### What you have to do
Retype the lines of the listing below exactly, but only those from the one containing "Grafika z napisem: 18.08, 13.00" through the last line; pictures stay out.

### Dataset excerpt
· · · · ·

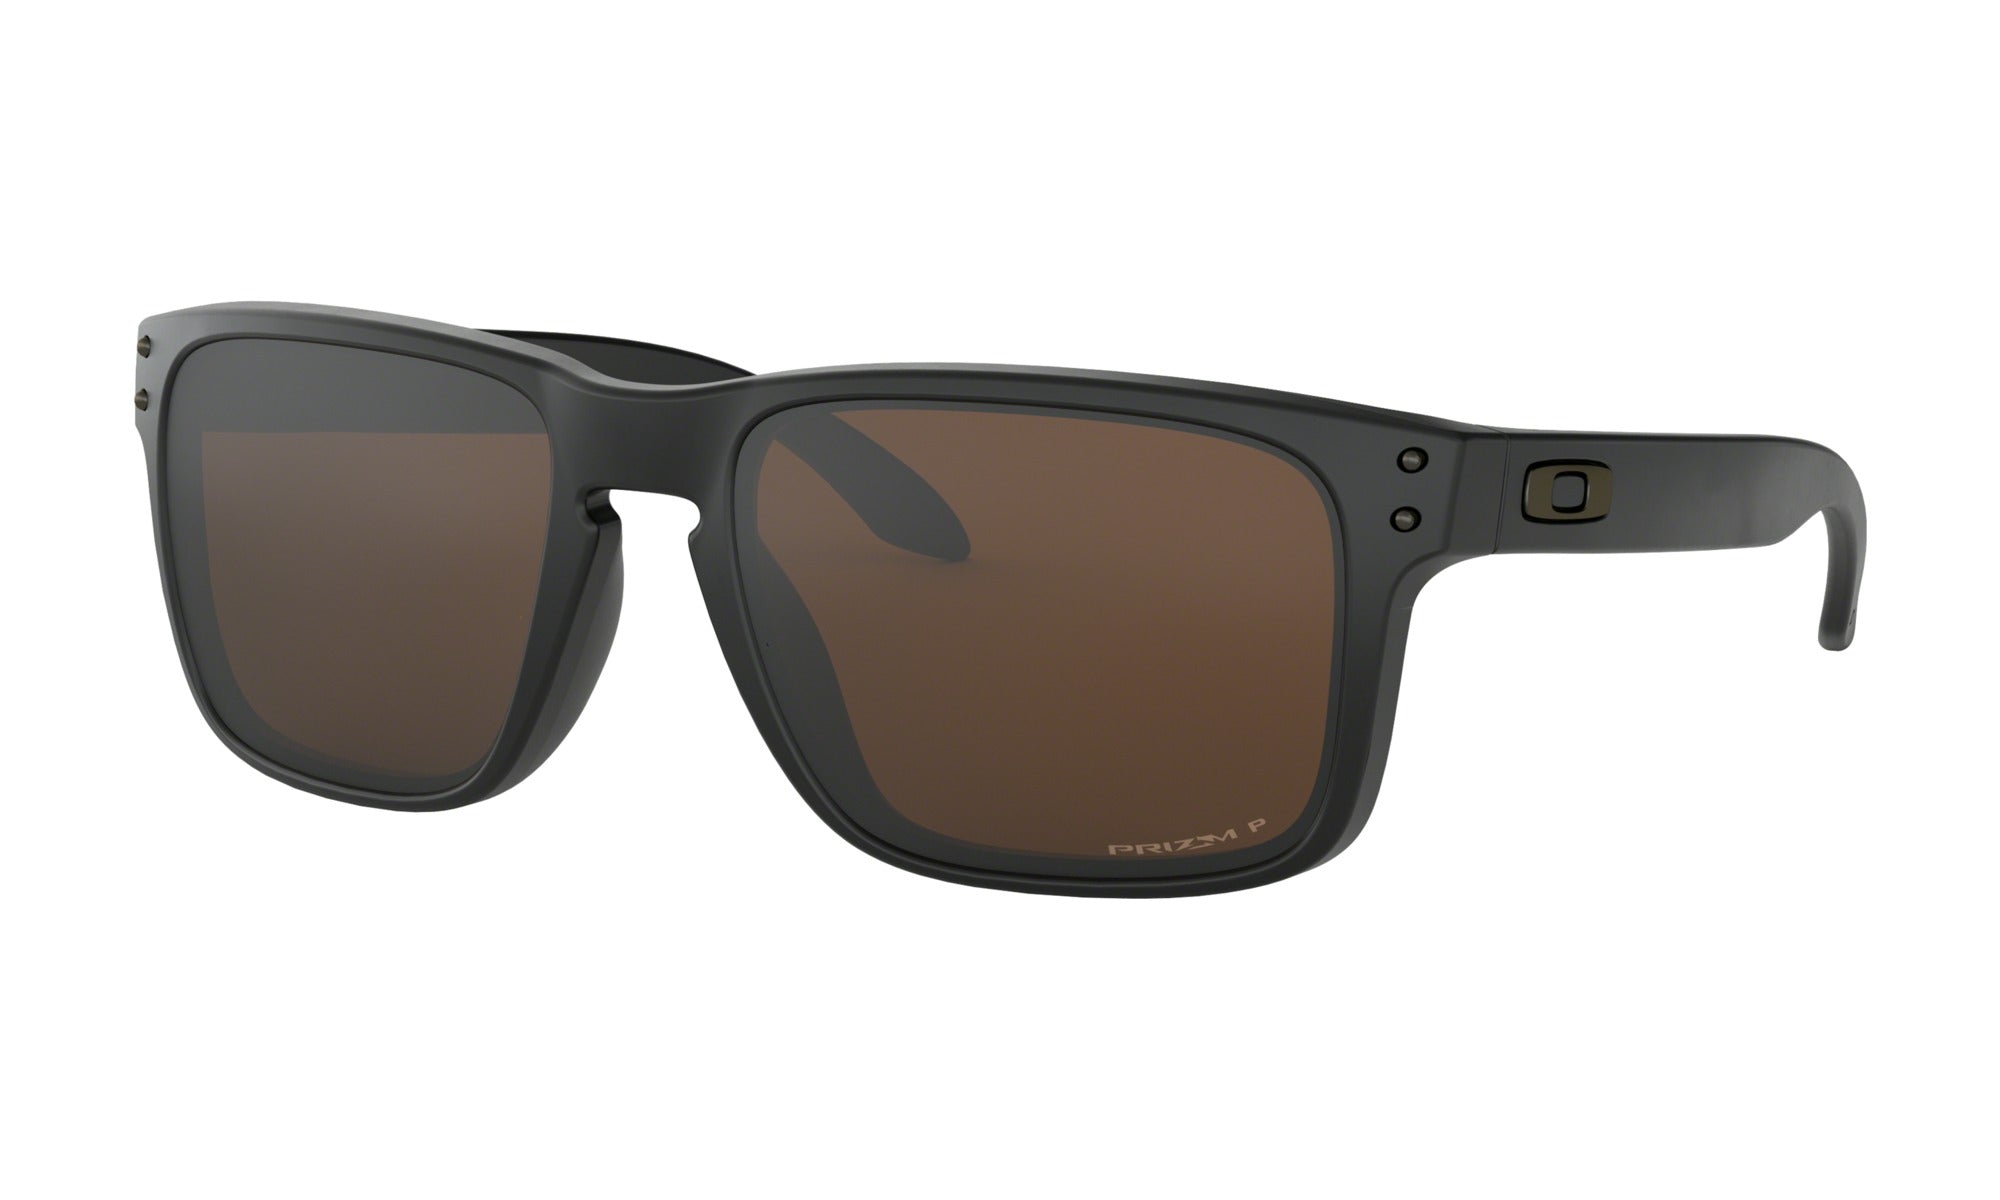 Oakley Flak 2.0 XL Polished White Sunglasses - Club 14 Golf
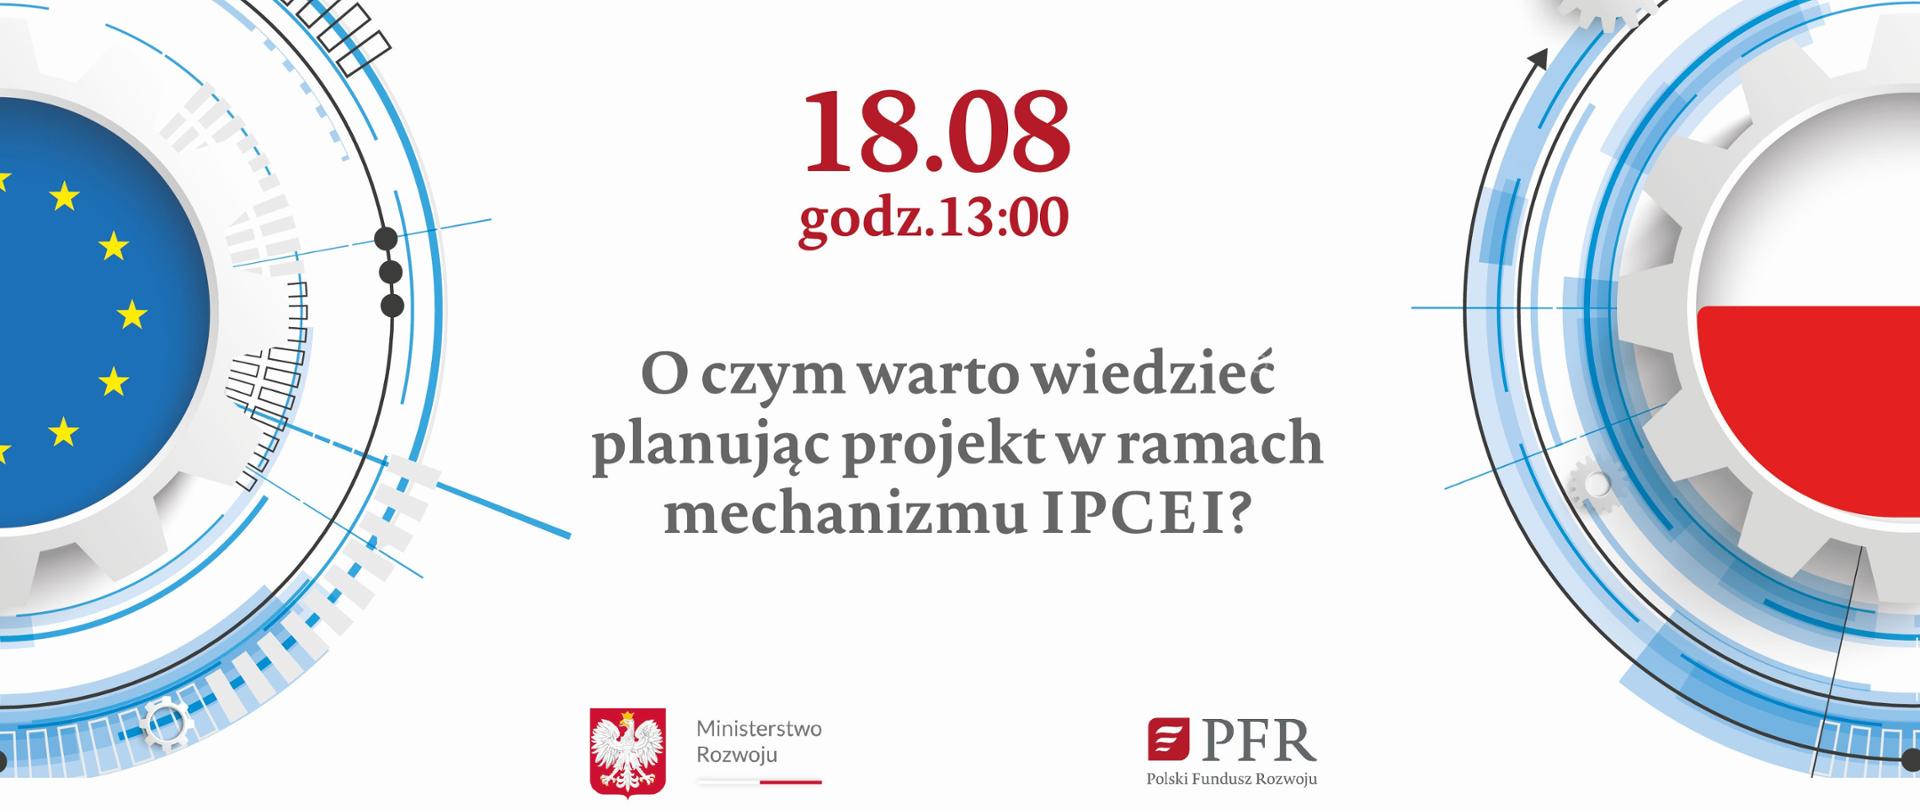 Grafika z napisem: 18.08, 13.00 Webinar "O czym warto wiedzieć, planując projekt w ramach mechanizmu IPCEI" i logo MR i PFR
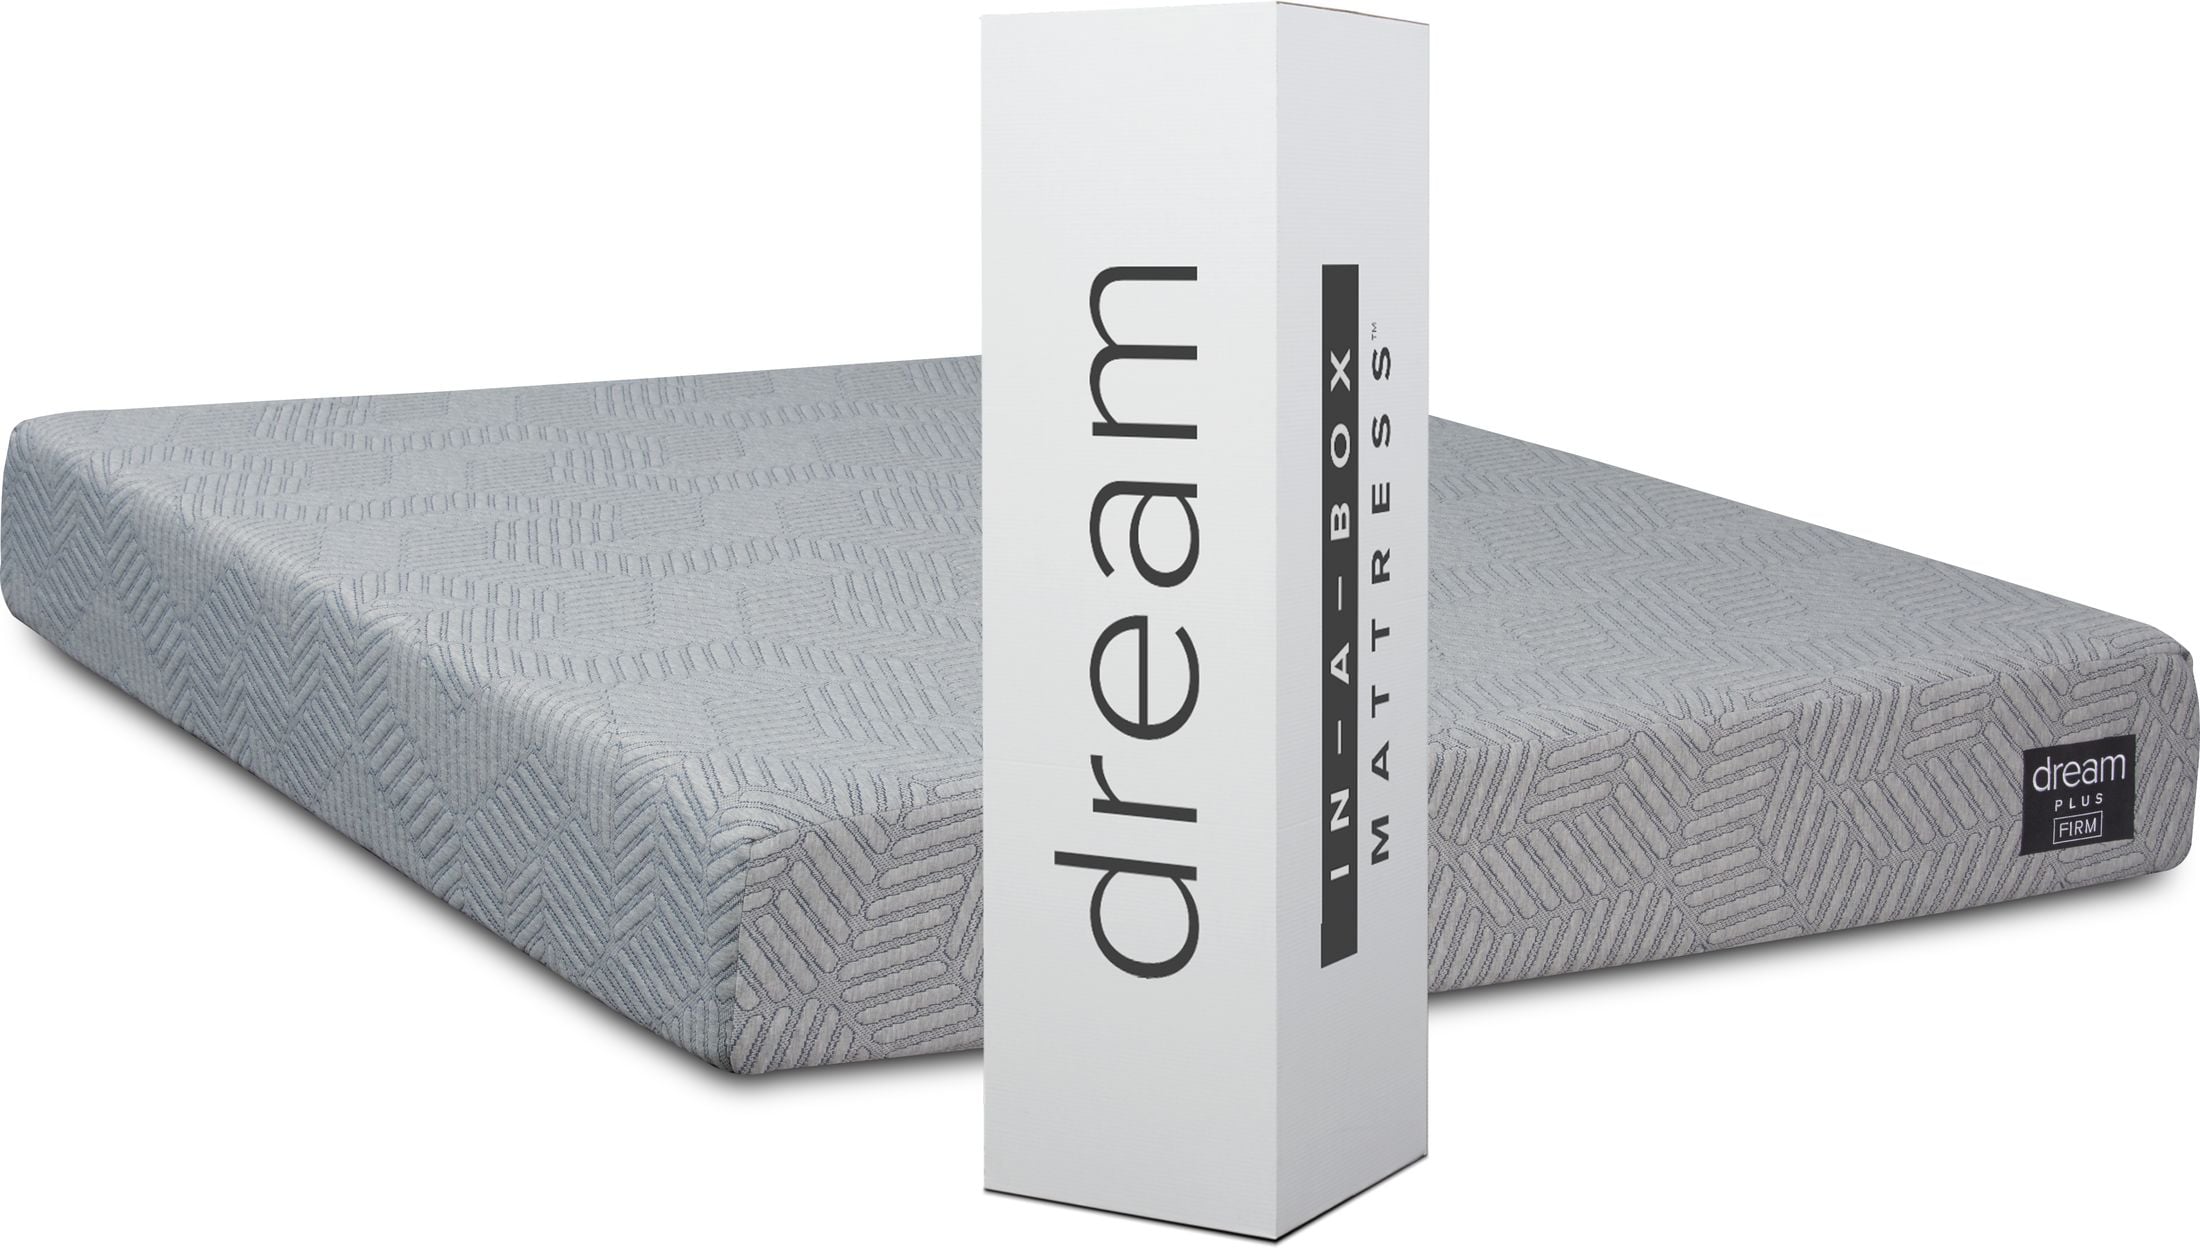 dream classic mattress fantastic furniture

· · · · ·

### Your solution
 Grafika z napisem: 18.08, 13.00 Webinar "O czym warto wiedzieć, planując projekt w ramach mechanizmu IPCEI" i logo MR i PFR
 dream classic mattress fantastic furniture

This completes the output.